In the absence of top-quality audio mixing and mastering technology, there were other problems with the final versions. Nair listed them: “There was obviously distortion. Then, the consistency levels of different tracks inside a song varied. Some instruments would sound too loud, some would barely be heard.”
Another culprit is what Nair terms the “loudness war”, which peaked in the West in the early 2000s. At some point in the ’90s, the music industry believed that the louder a song, the faster it would zoom up the charts. Tunes would be mastered in ways that exhausted the highest audio levels that could be reached through a CD recording. This trend exploded in the 2000s, and reached a crisis point with the 2008 Metallica album Death Magnetic.
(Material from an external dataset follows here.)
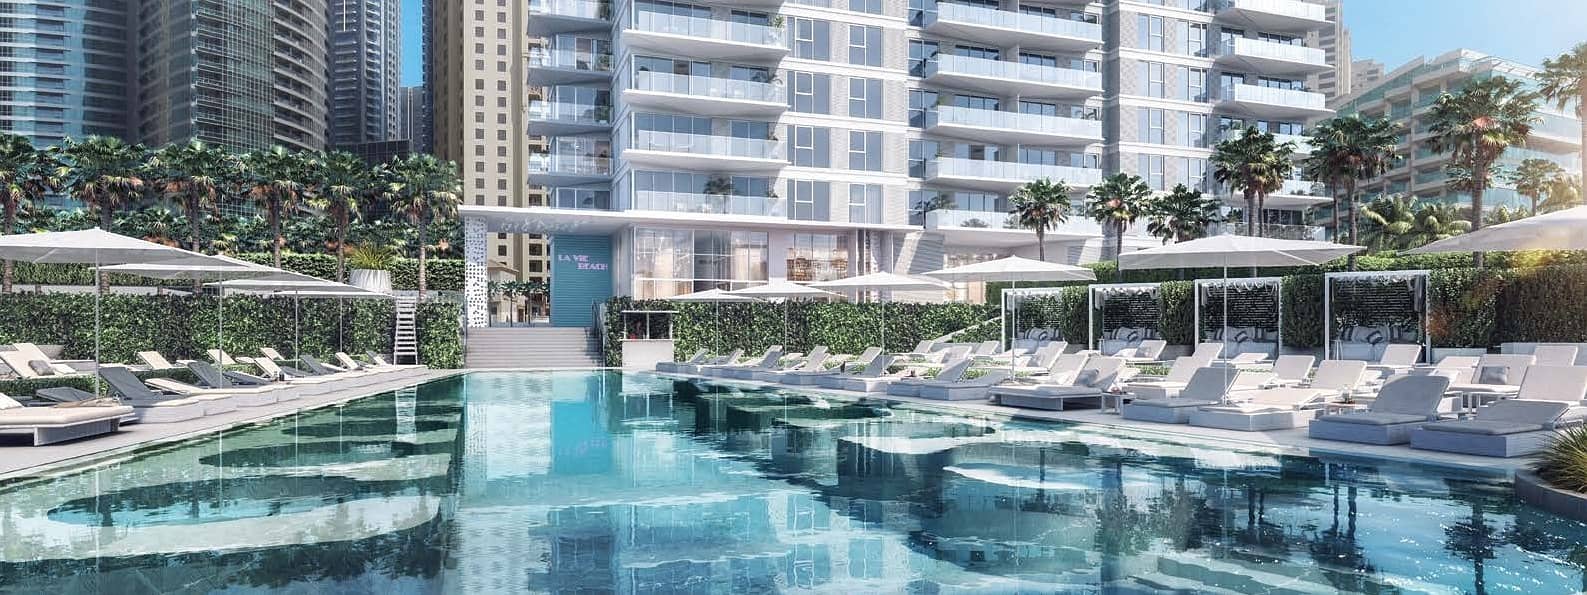 11 Resort Living in the Heart of Jumeirah | Private Access to Jumeirah Beach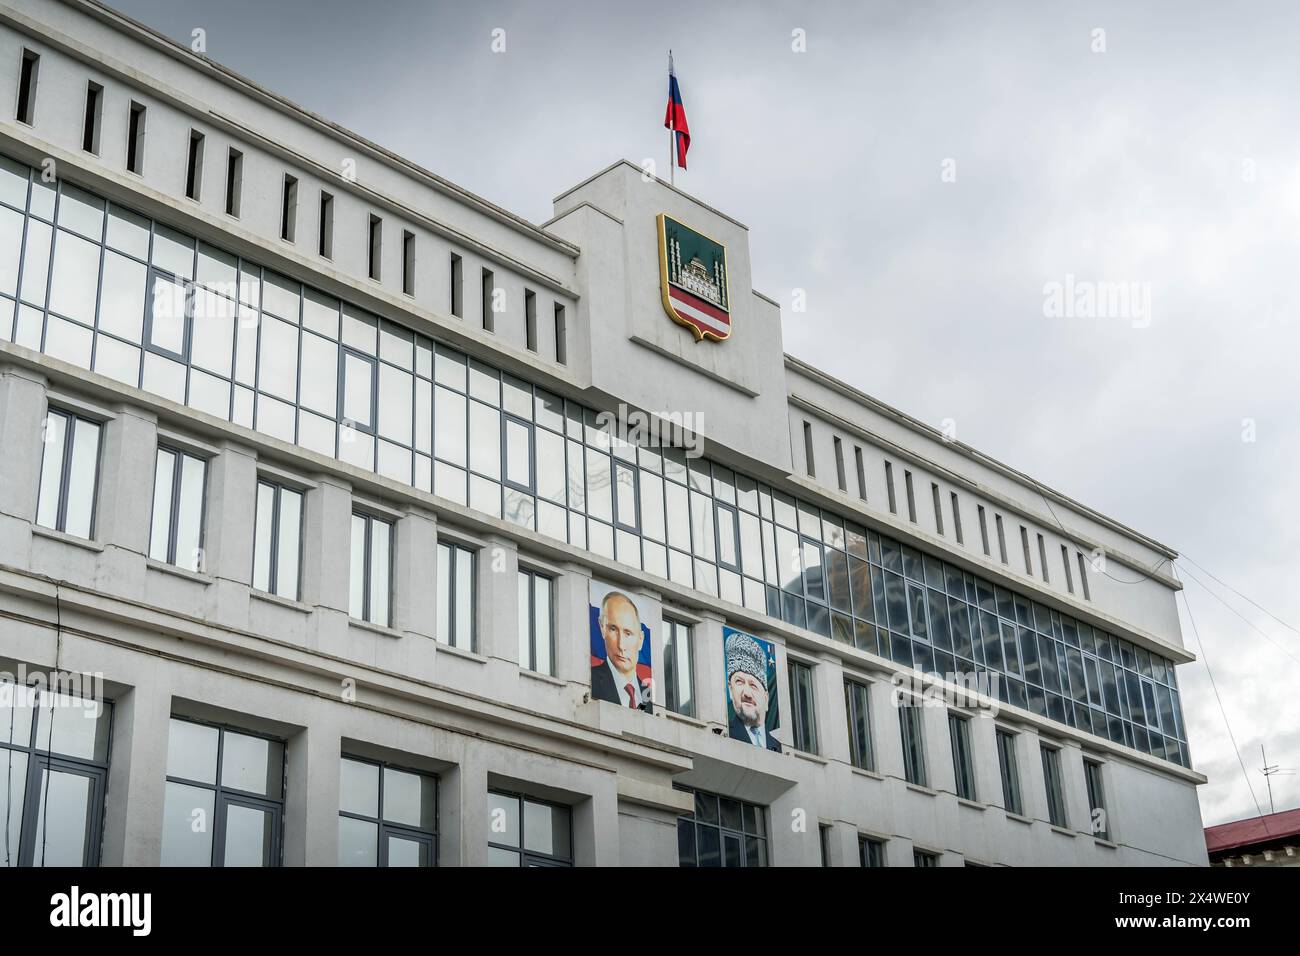 The city administration in Grozny, Republic of Chechnya, with the flag and coat of arms, and portraits of Vladimir Putin and Akhmad-Khadzhi Kadyrov. Stock Photo

Its songs were so loud that when they crossed the maximum decibel levels, the loudest parts got clipped, leading to tracks with distorted portions.
“I have been wary of this loudness war in India, which is why with The Mastering Project, I strictly adhere to YouTube’s loudness levels,” Nair said. “If the song is louder than YouTube’s standards, the song will be forcibly compressed and it will sound awful.”
Nair mainly uses Avid Pro Tools, along with bunch of other software. “Today, with machine learning and artificial intelligence, the time you’d need to find a certain flaw in a recording has been reduced from two hours to five minutes,” Nair said. “The company Izotope does that, for example. With the saved time, I have an additional one hour and 55 minutes to work on the error. Then, there’s ADX TRAX, which automatically finds out the vocal elements in a song and spots out what’s wrong where in them.”
The availability of high-end audio mixing and mastering software have led to adventurous but amateur individuals releasing warped versions of professionally mixed songs. One such example is the 8D audio recording, in which sections of the song oddly shift between the left and right channels.
Nair laughed off this trend: “What the 8D does is it changes the intent of the song. Furthermore, there are no eight dimensions in the audio in the first place. But I am not questioning or criticising people who do enjoy such stuff. Maybe they really like it.”